What is required — Only the lines below from the one containing "Parecer CME nº" to the one containing "tachkent ouzbekistan circuit" should be repeated, both included and unchanged.

Stored entries
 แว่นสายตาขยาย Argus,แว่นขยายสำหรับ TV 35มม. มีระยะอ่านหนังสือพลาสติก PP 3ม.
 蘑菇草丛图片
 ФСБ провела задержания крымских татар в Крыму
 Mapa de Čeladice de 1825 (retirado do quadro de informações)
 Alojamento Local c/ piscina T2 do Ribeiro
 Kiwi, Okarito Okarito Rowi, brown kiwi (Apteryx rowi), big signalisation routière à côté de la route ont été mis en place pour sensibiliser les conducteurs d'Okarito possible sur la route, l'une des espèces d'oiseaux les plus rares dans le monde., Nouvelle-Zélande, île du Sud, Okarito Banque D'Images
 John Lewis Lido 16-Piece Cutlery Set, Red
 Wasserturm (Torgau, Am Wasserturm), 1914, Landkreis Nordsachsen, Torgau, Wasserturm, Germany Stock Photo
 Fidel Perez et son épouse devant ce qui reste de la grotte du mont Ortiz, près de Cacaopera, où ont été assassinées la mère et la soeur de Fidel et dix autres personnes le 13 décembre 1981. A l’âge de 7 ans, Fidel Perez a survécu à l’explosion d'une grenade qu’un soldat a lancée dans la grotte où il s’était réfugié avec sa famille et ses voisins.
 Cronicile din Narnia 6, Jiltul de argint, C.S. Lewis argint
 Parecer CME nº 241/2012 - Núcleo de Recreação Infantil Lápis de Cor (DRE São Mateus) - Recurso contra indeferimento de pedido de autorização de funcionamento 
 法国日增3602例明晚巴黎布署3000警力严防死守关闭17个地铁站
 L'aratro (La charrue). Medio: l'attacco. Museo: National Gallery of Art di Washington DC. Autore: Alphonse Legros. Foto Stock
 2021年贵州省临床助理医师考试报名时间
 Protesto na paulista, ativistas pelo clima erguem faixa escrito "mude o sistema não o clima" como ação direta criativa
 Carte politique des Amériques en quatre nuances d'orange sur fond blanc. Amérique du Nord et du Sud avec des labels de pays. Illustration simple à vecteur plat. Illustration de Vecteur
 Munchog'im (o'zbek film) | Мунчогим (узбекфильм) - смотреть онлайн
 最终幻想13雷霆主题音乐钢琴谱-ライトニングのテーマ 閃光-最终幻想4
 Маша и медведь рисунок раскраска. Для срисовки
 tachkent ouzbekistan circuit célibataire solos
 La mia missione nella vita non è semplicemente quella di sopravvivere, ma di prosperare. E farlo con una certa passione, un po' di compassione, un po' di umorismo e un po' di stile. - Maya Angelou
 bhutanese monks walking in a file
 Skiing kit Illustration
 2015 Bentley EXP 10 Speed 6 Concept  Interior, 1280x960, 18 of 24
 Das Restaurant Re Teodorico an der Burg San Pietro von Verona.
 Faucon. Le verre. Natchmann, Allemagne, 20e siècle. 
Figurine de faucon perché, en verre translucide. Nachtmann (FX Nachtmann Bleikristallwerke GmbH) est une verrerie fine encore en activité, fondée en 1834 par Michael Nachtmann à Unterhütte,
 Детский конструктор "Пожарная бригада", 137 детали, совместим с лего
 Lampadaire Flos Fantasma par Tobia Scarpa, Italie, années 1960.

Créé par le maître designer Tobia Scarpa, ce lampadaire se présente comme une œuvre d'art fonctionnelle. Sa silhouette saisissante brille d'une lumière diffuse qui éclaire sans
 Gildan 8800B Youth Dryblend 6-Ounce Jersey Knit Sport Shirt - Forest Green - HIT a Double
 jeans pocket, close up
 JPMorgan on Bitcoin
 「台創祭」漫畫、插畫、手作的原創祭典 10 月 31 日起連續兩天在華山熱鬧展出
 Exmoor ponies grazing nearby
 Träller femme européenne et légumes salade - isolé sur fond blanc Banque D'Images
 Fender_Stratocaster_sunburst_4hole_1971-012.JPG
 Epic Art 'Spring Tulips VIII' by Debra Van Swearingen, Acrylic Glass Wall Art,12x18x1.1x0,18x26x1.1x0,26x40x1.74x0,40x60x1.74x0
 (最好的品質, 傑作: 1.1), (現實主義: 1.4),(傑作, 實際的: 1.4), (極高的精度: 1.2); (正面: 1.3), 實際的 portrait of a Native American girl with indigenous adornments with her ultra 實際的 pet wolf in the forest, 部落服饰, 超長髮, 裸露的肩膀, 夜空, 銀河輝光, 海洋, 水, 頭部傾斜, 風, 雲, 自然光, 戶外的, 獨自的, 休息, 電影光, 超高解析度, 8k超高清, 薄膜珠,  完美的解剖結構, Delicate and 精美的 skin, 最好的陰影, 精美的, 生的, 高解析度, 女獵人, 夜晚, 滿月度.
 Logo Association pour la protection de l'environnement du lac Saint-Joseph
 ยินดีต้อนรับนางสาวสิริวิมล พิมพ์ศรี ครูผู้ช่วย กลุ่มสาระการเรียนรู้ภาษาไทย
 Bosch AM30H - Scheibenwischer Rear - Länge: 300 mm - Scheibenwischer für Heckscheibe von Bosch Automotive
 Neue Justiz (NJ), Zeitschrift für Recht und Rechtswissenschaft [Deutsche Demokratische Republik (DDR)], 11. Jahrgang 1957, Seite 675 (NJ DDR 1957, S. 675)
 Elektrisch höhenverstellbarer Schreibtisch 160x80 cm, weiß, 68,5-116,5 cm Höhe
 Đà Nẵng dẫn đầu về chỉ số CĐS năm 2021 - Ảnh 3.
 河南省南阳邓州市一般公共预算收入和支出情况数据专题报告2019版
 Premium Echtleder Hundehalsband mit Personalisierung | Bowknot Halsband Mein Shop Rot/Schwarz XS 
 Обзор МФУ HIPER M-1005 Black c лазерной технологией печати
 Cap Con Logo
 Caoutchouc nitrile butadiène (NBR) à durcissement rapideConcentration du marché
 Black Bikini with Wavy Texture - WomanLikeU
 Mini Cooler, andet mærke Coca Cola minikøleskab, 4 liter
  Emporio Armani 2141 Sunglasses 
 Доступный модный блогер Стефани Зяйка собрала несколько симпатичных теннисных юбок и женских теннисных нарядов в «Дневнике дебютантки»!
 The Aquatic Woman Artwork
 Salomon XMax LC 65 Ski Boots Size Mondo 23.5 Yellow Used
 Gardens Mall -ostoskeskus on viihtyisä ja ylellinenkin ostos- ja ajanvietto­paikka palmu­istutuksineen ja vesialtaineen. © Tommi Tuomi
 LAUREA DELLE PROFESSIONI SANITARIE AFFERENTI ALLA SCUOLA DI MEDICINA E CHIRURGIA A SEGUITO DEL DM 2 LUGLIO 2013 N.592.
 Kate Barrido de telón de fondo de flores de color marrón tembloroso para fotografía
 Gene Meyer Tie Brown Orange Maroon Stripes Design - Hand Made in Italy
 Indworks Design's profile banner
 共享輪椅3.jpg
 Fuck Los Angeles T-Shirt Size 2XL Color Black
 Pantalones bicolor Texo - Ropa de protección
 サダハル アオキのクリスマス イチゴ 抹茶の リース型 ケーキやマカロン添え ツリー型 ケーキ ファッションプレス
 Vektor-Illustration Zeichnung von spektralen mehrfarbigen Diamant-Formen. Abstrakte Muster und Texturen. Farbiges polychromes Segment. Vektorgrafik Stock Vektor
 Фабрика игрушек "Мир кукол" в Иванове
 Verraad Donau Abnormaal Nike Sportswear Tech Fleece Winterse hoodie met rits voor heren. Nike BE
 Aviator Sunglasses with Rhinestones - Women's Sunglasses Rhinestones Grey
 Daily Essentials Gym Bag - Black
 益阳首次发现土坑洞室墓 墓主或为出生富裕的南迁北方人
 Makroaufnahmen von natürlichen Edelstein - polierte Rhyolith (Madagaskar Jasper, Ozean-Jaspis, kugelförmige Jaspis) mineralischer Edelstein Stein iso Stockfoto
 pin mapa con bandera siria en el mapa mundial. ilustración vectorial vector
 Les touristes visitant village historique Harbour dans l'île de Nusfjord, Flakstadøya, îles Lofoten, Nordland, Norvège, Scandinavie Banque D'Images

The answer —
 Parecer CME nº 241/2012 - Núcleo de Recreação Infantil Lápis de Cor (DRE São Mateus) - Recurso contra indeferimento de pedido de autorização de funcionamento 
 法国日增3602例明晚巴黎布署3000警力严防死守关闭17个地铁站
 L'aratro (La charrue). Medio: l'attacco. Museo: National Gallery of Art di Washington DC. Autore: Alphonse Legros. Foto Stock
 2021年贵州省临床助理医师考试报名时间
 Protesto na paulista, ativistas pelo clima erguem faixa escrito "mude o sistema não o clima" como ação direta criativa
 Carte politique des Amériques en quatre nuances d'orange sur fond blanc. Amérique du Nord et du Sud avec des labels de pays. Illustration simple à vecteur plat. Illustration de Vecteur
 Munchog'im (o'zbek film) | Мунчогим (узбекфильм) - смотреть онлайн
 最终幻想13雷霆主题音乐钢琴谱-ライトニングのテーマ 閃光-最终幻想4
 Маша и медведь рисунок раскраска. Для срисовки
 tachkent ouzbekistan circuit célibataire solos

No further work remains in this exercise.